Ayant écrit quelques lettres hier au soir je ne me suis couché qu'après 11 h. Dans mon sommeil j'entendais bien m'appeler & jusqu'à ce que je sois complètement réveillé, ce pauvre Melcher[2] a dû m'appeler plusieurs fois, mais vivement. Je saute à bas du lit, ouvre la fenêtre, il me dit qu'il brûle dans le blanchiment, je fais sonner la cloche & n'ai pas été long à passer un vêtement. En effet en arrivant j'ai trouvé la flamme sortant par le toit. C'était très heureusement au-dessus des chaudières en rez-de-chaussée rien dans le bâtiment pour alimenter le feu. les secours sont arrivés tout aussitôt les pompes n'ont pas manqué d'Eau. Il ne nous a pas fallu un 1/4 d'heure pour être maîtres du feu.
Les dégâts sont très peu importants absolument rien n'est arrêté tout marche ce matin comme si de rien n'était. Nous ne ferons pas 100 pièces de moins. Et même dès 4 heures ce matin les charpentiers étaient déjà en train de réparer les dégâts avec les maçons. Ce soir il n'y paraîtra plus.
Il était 2 ½ h du matin, je ne l'ai constaté qu'en rentrant au bureau à 3 ½ h lorsque tout était fini. La population s'est admirablement conduite. Employés & ouvriers, tous les habitants étaient admirables d'ordre, d'activité & de dévouement. Pas l'ombre d'accident toute cette foule se laissant conduire sans bruit, au point que le Portier du chantier le ContreMaître Bruckert[3] qui chez qui le feu était, était levé par le bruit des cloches, cherchait à se rendre compte où pouvait être le feu & n'est arrivé que lorsque tout était depuis < >. Tous ces messieurs, le curé[4], son vicaire tout le monde était là.
Tu comprends combien j'étais heureux de ne pas vous[5] savoir ici, c'était pour vous toutes beaucoup d'émotion. J'avoue que tout le temps qu'a duré ma toilette jusqu'au moment où j'ai vu où était le feu ; j'ai eu pas mal de frayeur, mais dès que je me suis rendu compte de la place Je voyais qu'il serait facile de se rendre maître. 20 hommes suffisaient avec une bonne pompe pour terminer la besogne.

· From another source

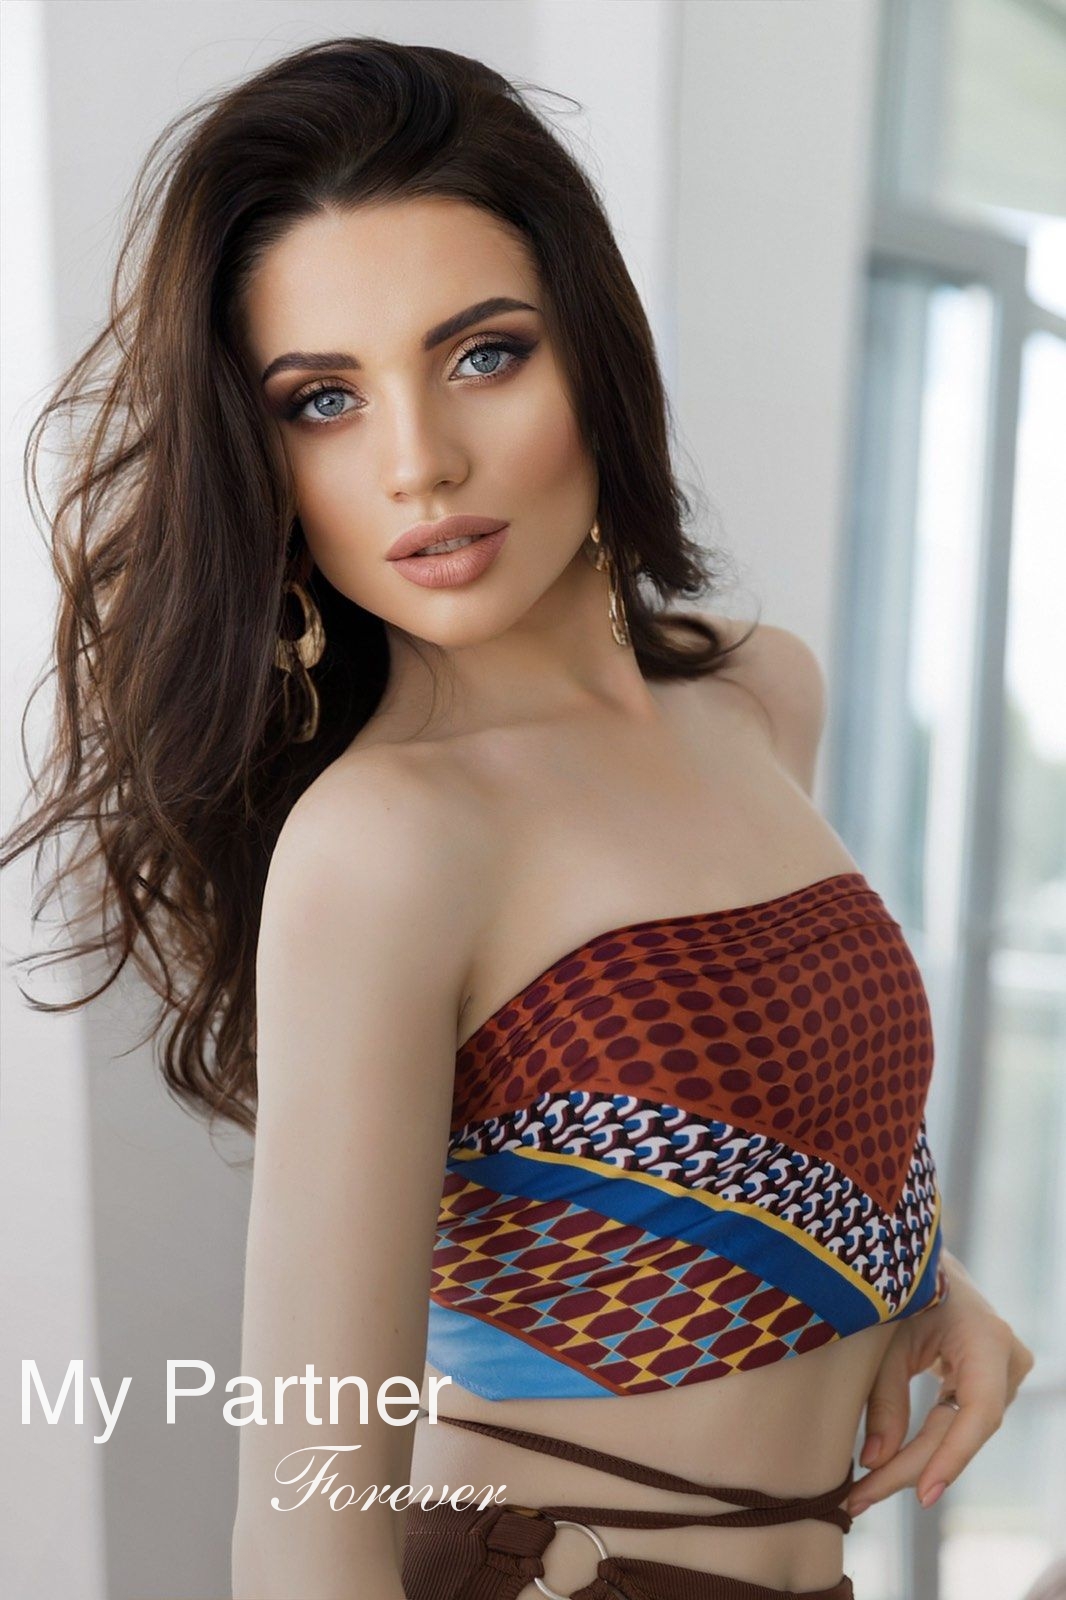 Dating Site to Meet Stunning Ukrainian Girl Marina from Kiev, Ukraine
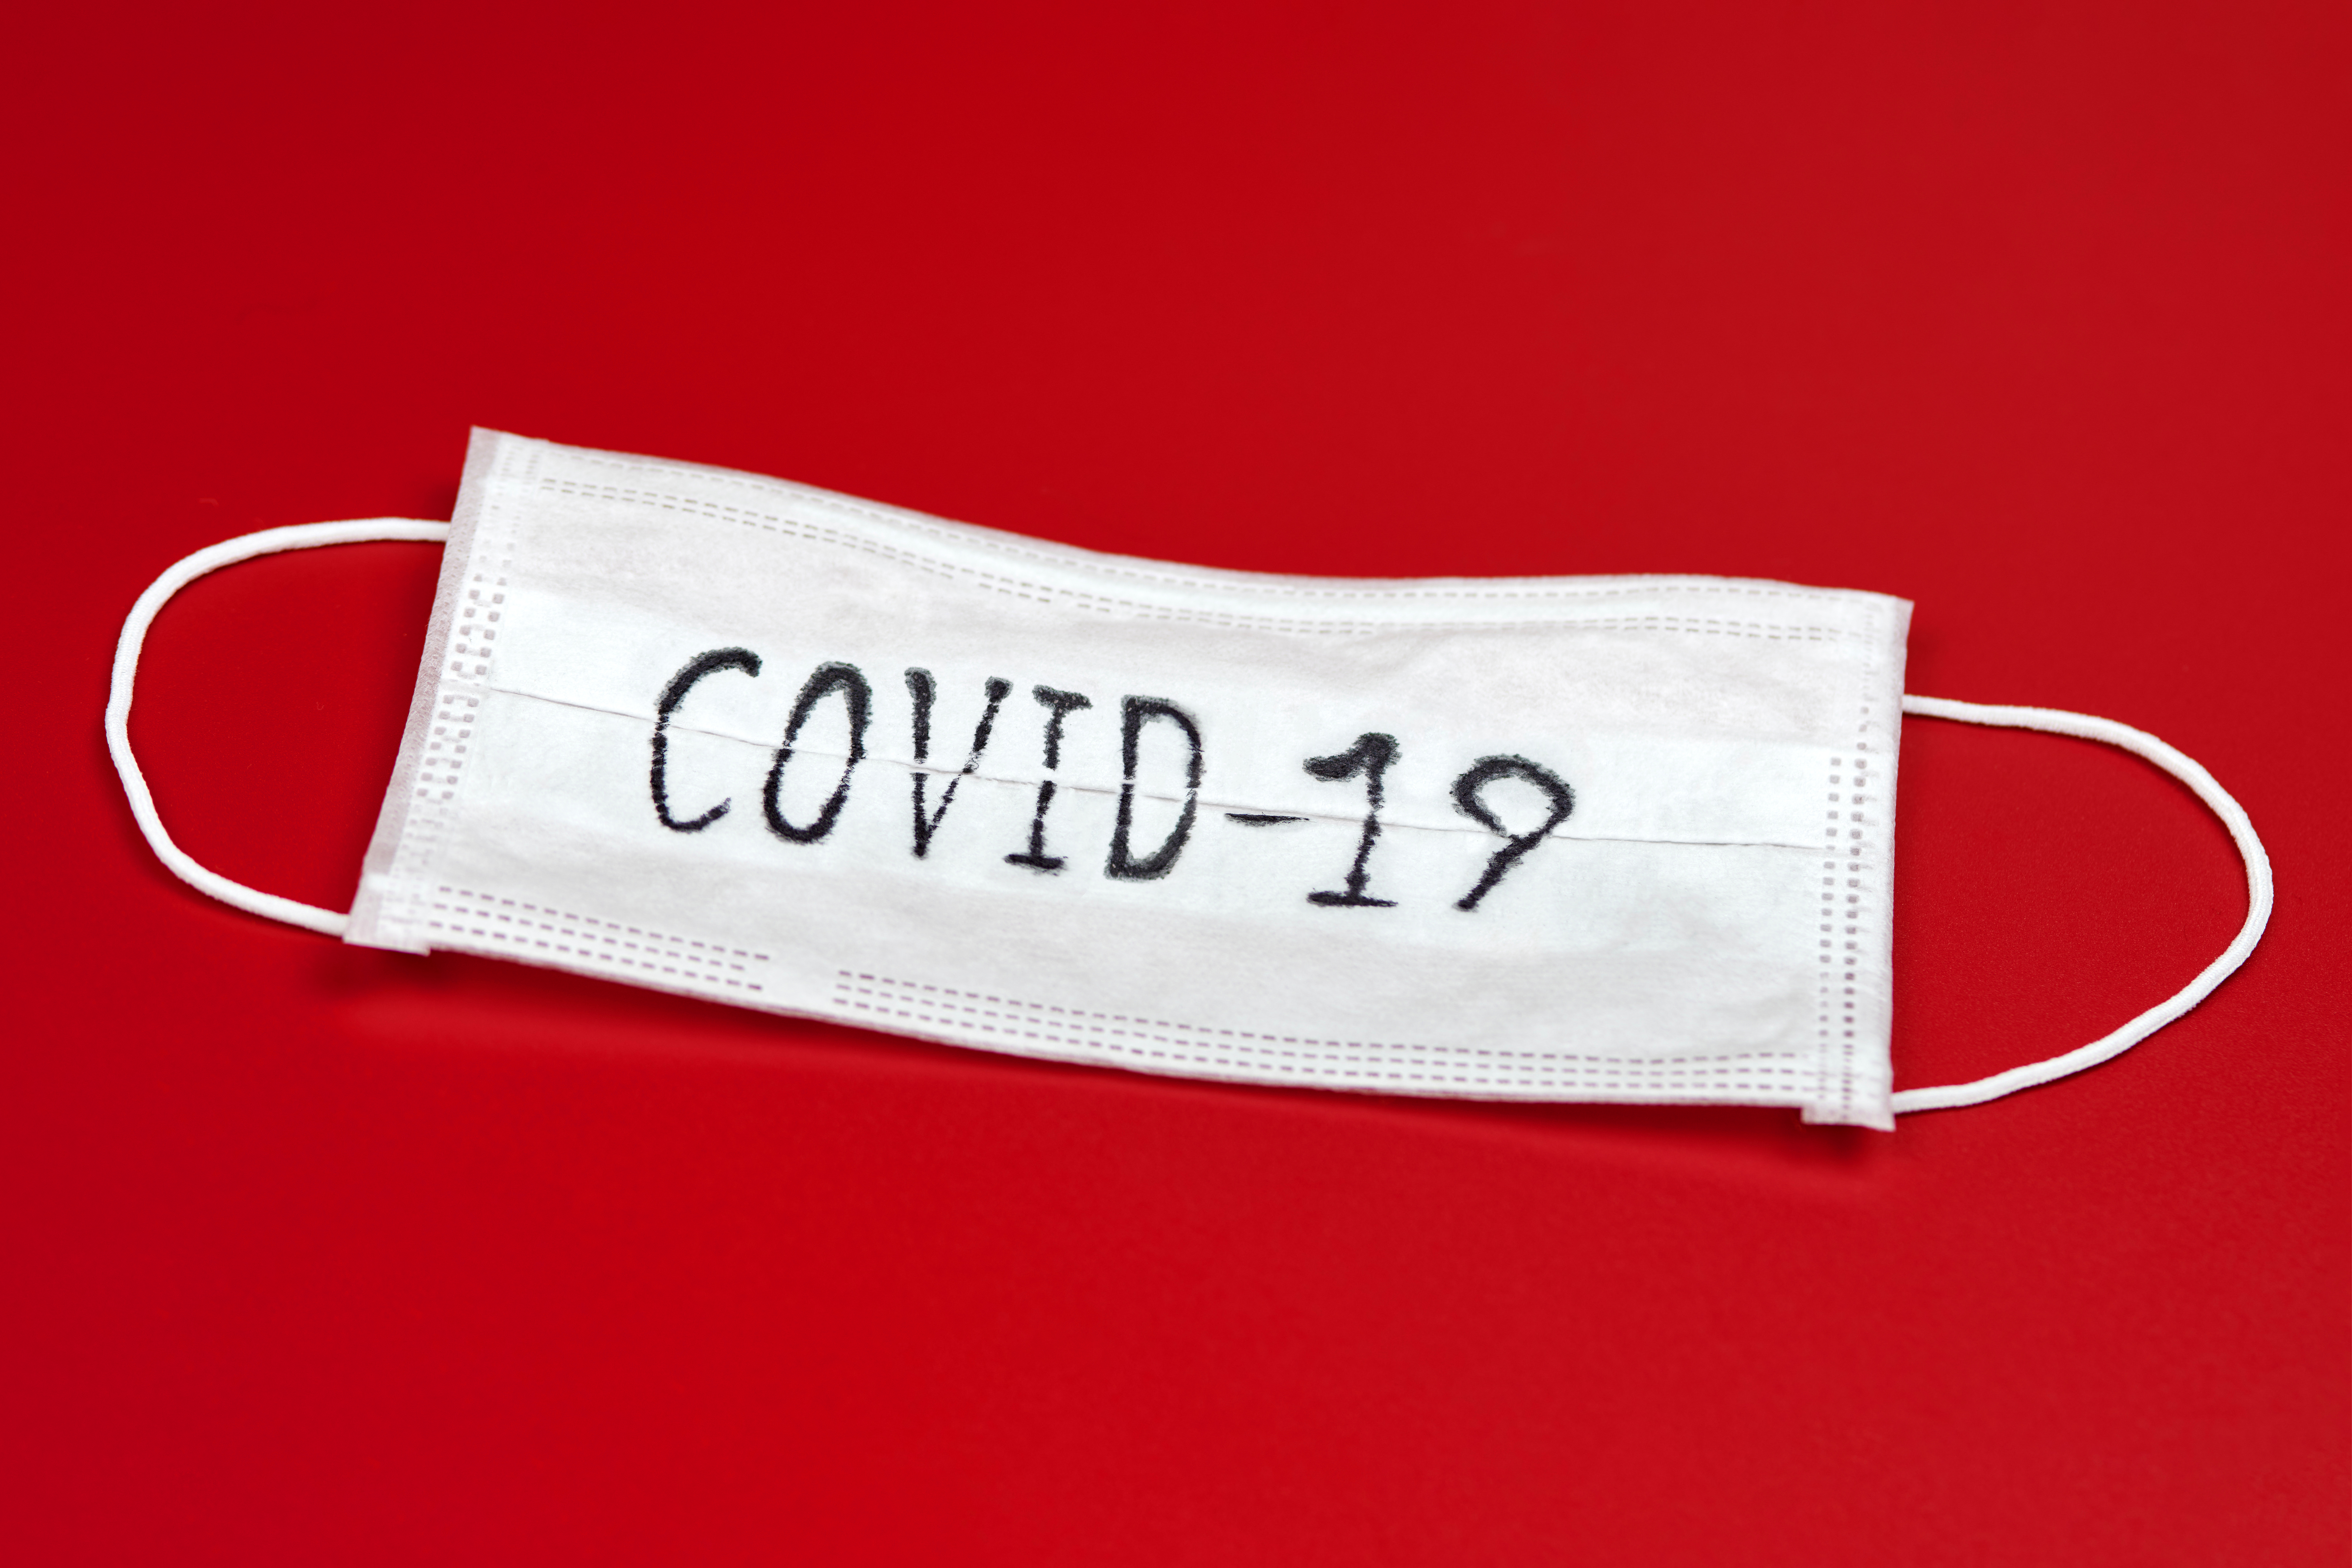 COVID-19 - Novel coronavirus - 2019-nCoV, WUHAN virus concept. Surgical mask protective mask with C...

Un peu de fatigue, car l'on ne s'est pas recouché. Les voitures sont parties pour Mulhouse comme d'habitude & j'ai donné un petit mot pour Paul & Morschwiller[6]. Il faut tout de suite pouvoir rassurer tous les gens qui ont pour près de 5 millions de marchandise chez nous.
Cet accident est arrivé par un défaut de construction, un poteau qui s'est trouvé enterré dans un mur de séparation. Ce mur touche une petite chaudière, le feu de la chaudière était séparé du bois par 50 centimètres de maçonnerie & cependant <probablement depuis longtemps, peut-être des> semaines ce bois doit se carboniser dans la maçonnerie.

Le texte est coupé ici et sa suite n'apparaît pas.